Not only did this millionaire-troll tell the world that he’s never even bothered listening to the album, but in a video (embedded above) he states that he wavers between wanting to destroy the album entirely and fantasizing about hiding it somewhere extremely remote, so people who want to hear it have to go on a spiritual pilgrimage just to listen to it.
He also promised to release it for free if Donald Trump actually got elected. Obviously, he never followed through with that wager, though, allegedly he did discuss releasing it with Wu-Tang Clan in the wake of the 2016 election.
“I'm not just the heel of the music world," he said, bragging about being the biggest villain in music. "I want to be the world's heel."
Some men just want to watch the world burn.

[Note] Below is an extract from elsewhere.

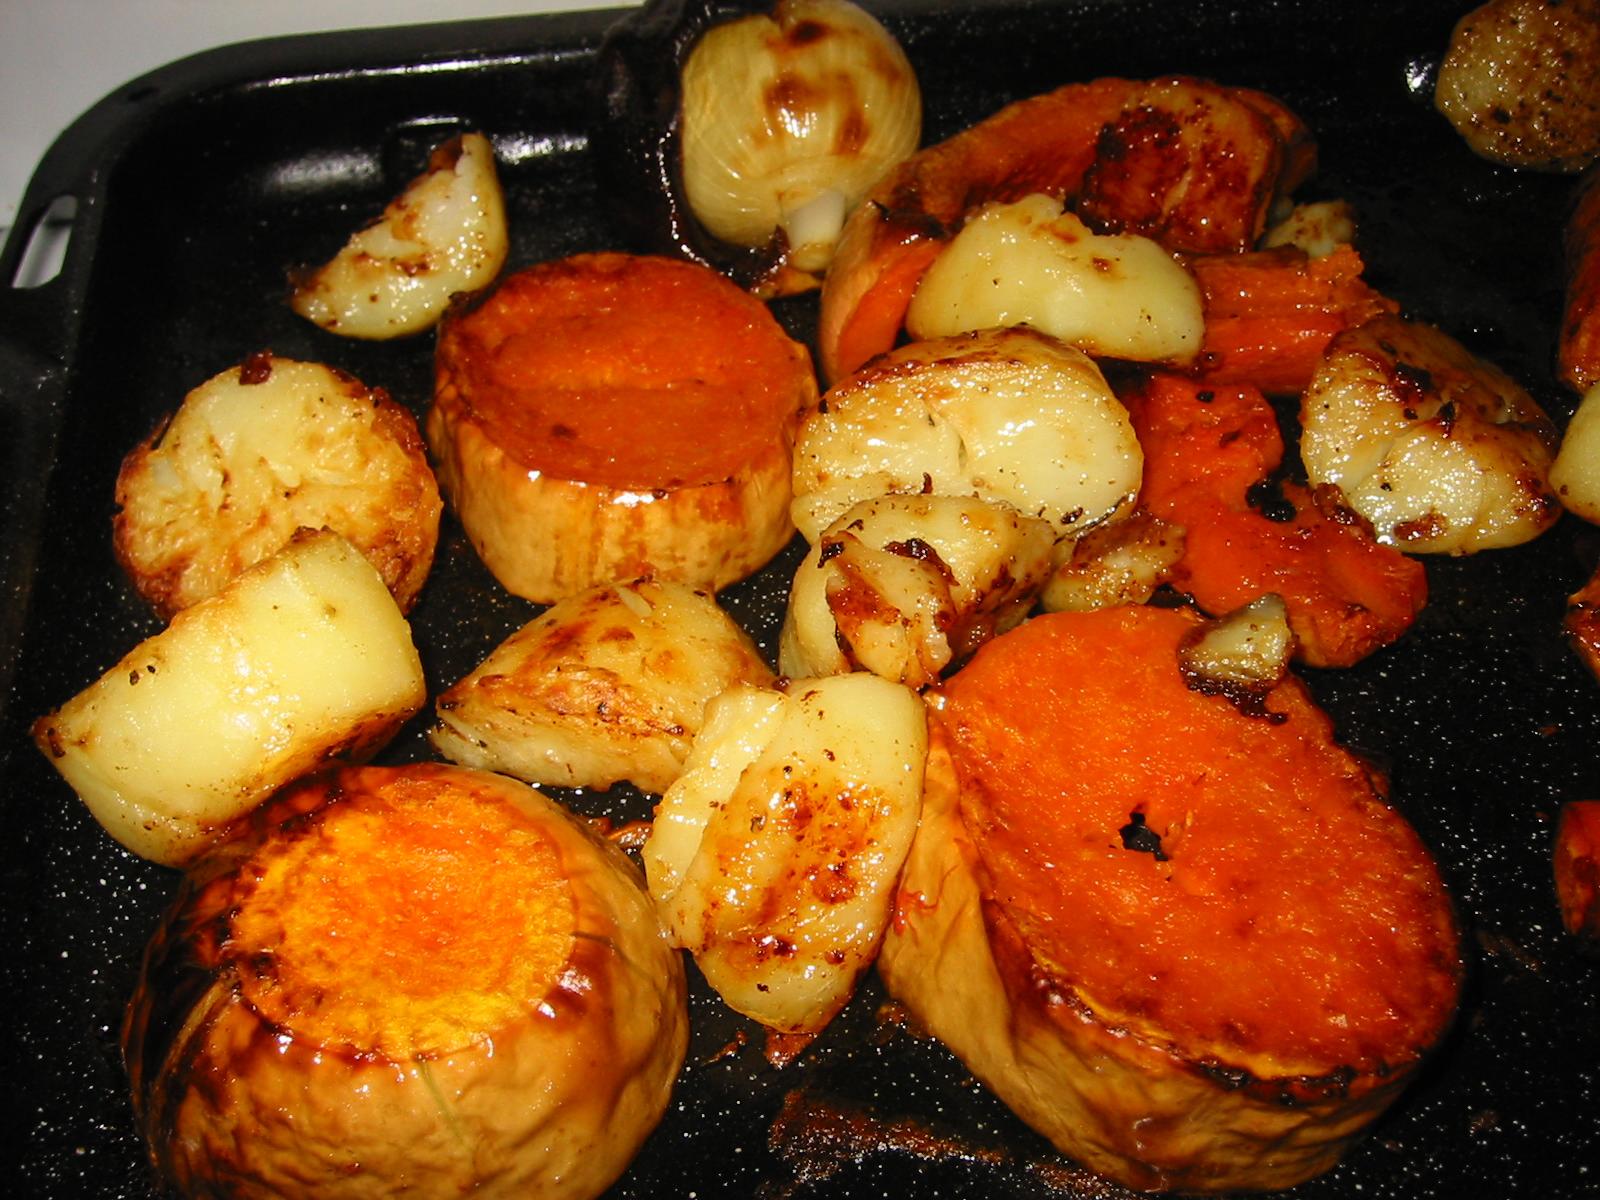 Roast vegies, spuds included

Fortunately for Wu-Tang fans and art aficionados around the world, Shkreli never got the chance to hide or destroy Once Upon a Time in Shaolin. Before he could do anything with it, he was arrested by the FBI and ordered by a federal judge to forfeit $7.36 million in assets — including the mysterious and still-unreleased album.
Unfortunately, that album is now locked up somewhere in a government warehouse. After all the hubbub and drama surrounding its creation, auction and eventual forfeiture, Once Upon a Time in Shaolin ended up in the hands of the Feds. It would be like if a room full of original Da Vinci paintings were discovered and then seized by the FBI before anyone ever got to see them.
No one knows exactly where the album is now. But it’s almost certain that federal agents got one hell of a kick out of listening to the most expensive album in music history, free of charge after they took it from Shkreli.
Needless to say, this was not the fate that Cilvaringz and co-producer RZA had in mind when they came up with the idea for Once Upon a Time in Shaolin. They wanted to spark a serious debate about the value of music in the modern world, they wanted to create something that couldn’t be exploited commercially until long after their deaths, they wanted to create something that would endure, that would tantalize the world with mystery and rareness, that would titillate fans when they finally got to hear what was on it.
Instead their mystery masterpiece was squirreled away by one of the most hated people in the world, squandered for the enjoyment of a bourgeois antihero and then confiscated by the federal fuzz. And it’s doubtful that they’ll ever release it for free, as was intended. Which means, the only way all 110 minutes of that album will ever be released publicly is if the federal government chooses to commercially distribute it in the year 2103, for their own profit.
And that is a sick fate for such a radical hip-hop concept.